What about using IDXD when you are running on XEN? I might be missing
something and IDXD/IMS is hypervisor only, but that still does not solve
this problem on bare metal:

>> x86 still does not associate the irq domain to devices at device
>> discovery time, i.e. the device::msi_domain pointer is never
>> populated.

We can't do that right now due to the way how X86 PCI/MSI allocation
works and being able to do so would make things consistent and way
simpler even for your stuff.

>> The right thing to do is to convert XEN MSI support over to proper irq
>> domains. This allows to populate device::msi_domain which makes a lot of
>> things simpler and also more consistent.
>
> do you think this cleanup is to be a precursor to my patches? I could 
> look into it but I am not familiar with the background of Xen
>
> and this stuff. Can you please provide further guidance on where to
> look

As I said:

>> So to support this new fangled device MSI stuff we'd need yet more
>> x86/xen specific arch_*msi_irqs() indirection and hackery, which is not
>> going to happen.

  git grep arch_.*msi_irq arch/x86

This indirection prevents storing the irq_domain pointer in the device
at probe/detection time. Native code already uses irq domains for
PCI/MSI but we can't exploit the full potential because then
pci_msi_setup_msi_irqs() would never end up in arch_setup_msi_irqs()
which breaks XEN.

I was reminded of that nastiness when I was looking at sensible ways to
integrate this device MSI maze proper.

>From a conceptual POV this stuff, which is not restricted to IDXD at all,
looks like this:

           ]-------------------------------------------|
PCI BUS -- | PCI device                                |
           ]-------------------|                       |
           | Physical function |                       |
           ]-------------------|                       |
           ]-------------------|----------|            |
           | Control block for subdevices |            |
           ]------------------------------|            |
           |            | <- "Subdevice BUS"           |
           |            |                              |
           |            |-- Subddevice 0               | 
           |            |-- Subddevice 1               | 
           |            |-- ...                        | 
           |            |-- Subddevice N               | 
           ]-------------------------------------------|

It does not matter whether this is IDXD with it's magic devices or a
network card with a gazillion of queues. Conceptually we need to look at
them as individual subdevices.

And obviously the above picture gives you the topology. The physical
function device belongs to PCI in all aspects including the MSI
interrupt control. The control block is part of the PCI device as well
and it even can have regular PCI/MSI interrupts for its own
purposes. There might be devices where the Physical function device does
not exist at all and the only true PCI functionality is the control
block to manage subdevices. That does not matter and does not change the
concept.

Now the subdevices belong topology wise NOT to the PCI part. PCI is just
the transport they utilize. And their irq domain is distinct from the
PCI/MSI domain for reasons I explained before.
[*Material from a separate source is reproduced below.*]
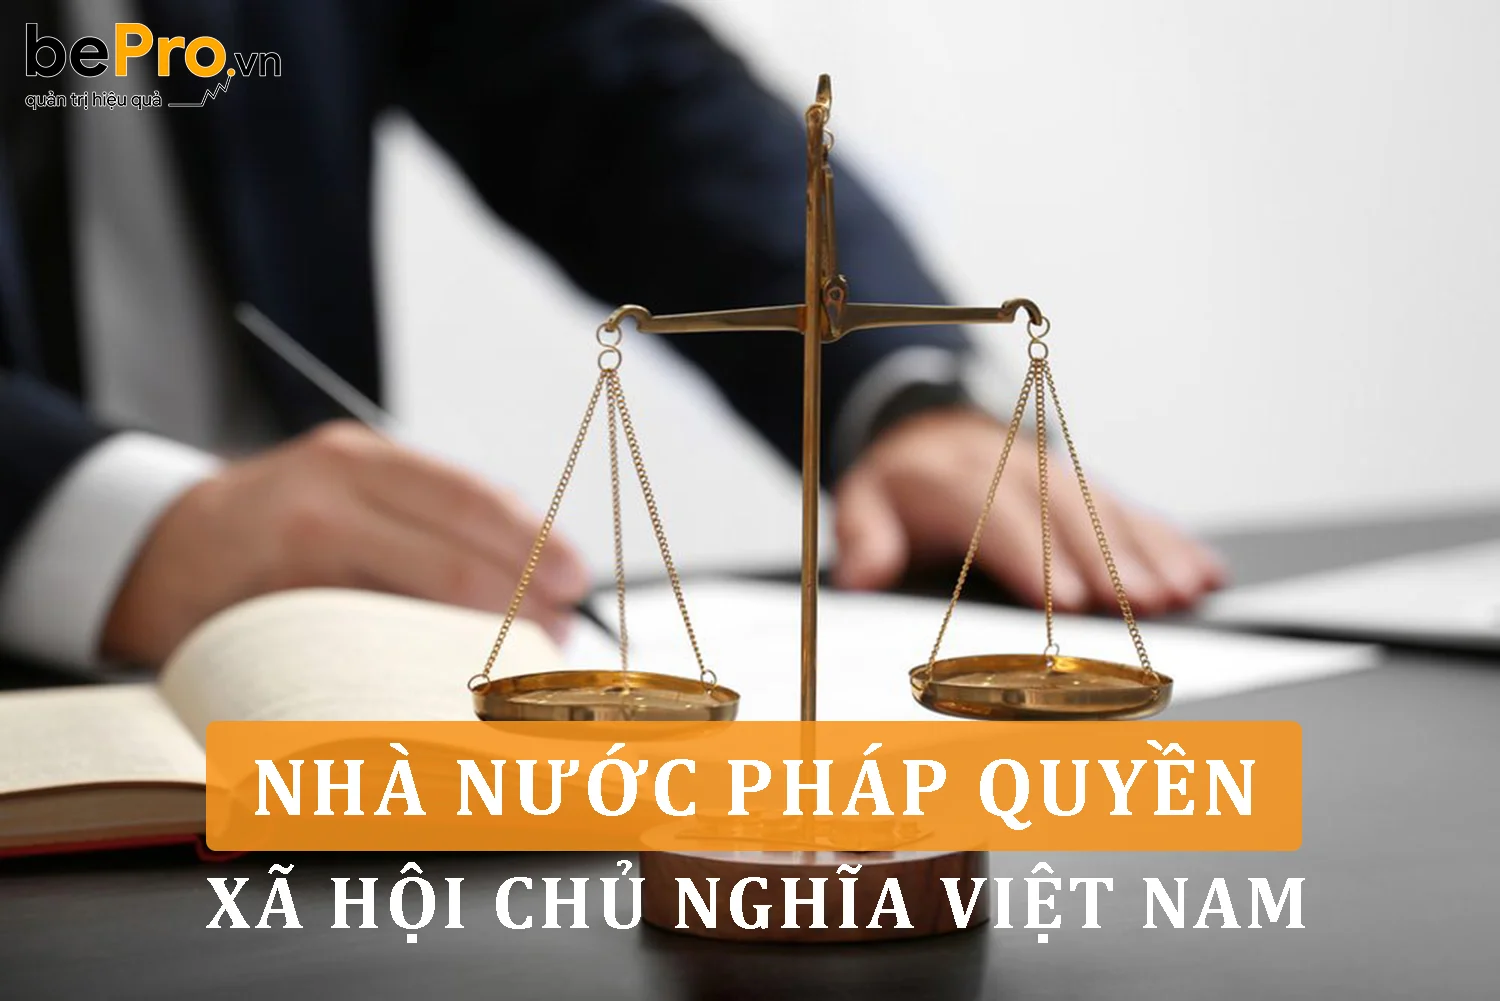 Nhà nước pháp quyền xã hội chủ nghĩa Việt Nam hiện nay

So looking at it from a Linux perspective:

  pci-bus -> PCI device (managed by PCI/MSI domain)
               - PF device
               - CB device (hosts DEVMSI domain)
                    | "Subdevice bus"
                    | - subdevice
                    | - subdevice
                    | - subdevice

Now you would assume that figuring out the irq domain which the DEVMSI
domain serving the subdevices on the subdevice bus should take as parent
is pretty trivial when looking at the topology, right?

CB device's parent is PCI device and we know that PCI device MSI is
handled by the PCI/MSI domain which is either system wide or per IR
unit.

So getting the relevant PCI/MSI irq domain is as simple as doing:

   pcimsi_domain = pcidevice->device->msi_domain;

and then because we know that this is a hierarchy the parent domain of
pcimsi_domain is the one which is the parent of our DEVMSI domain, i.e.:

   parent = pcmsi_domain->parent;

Obvious, right?

What's not so obvious is that pcidevice->device->msi_domain is not
populated on x86 and trying to get the parent from there is a NULL
pointer dereference which does not work well.

So you surely can hack up some workaround for this, but that's just
proliferating crap. We want this to be consistent and there is
absolutely no reason why that network card with the MSI storage in the
queue data should not work on any other architecture.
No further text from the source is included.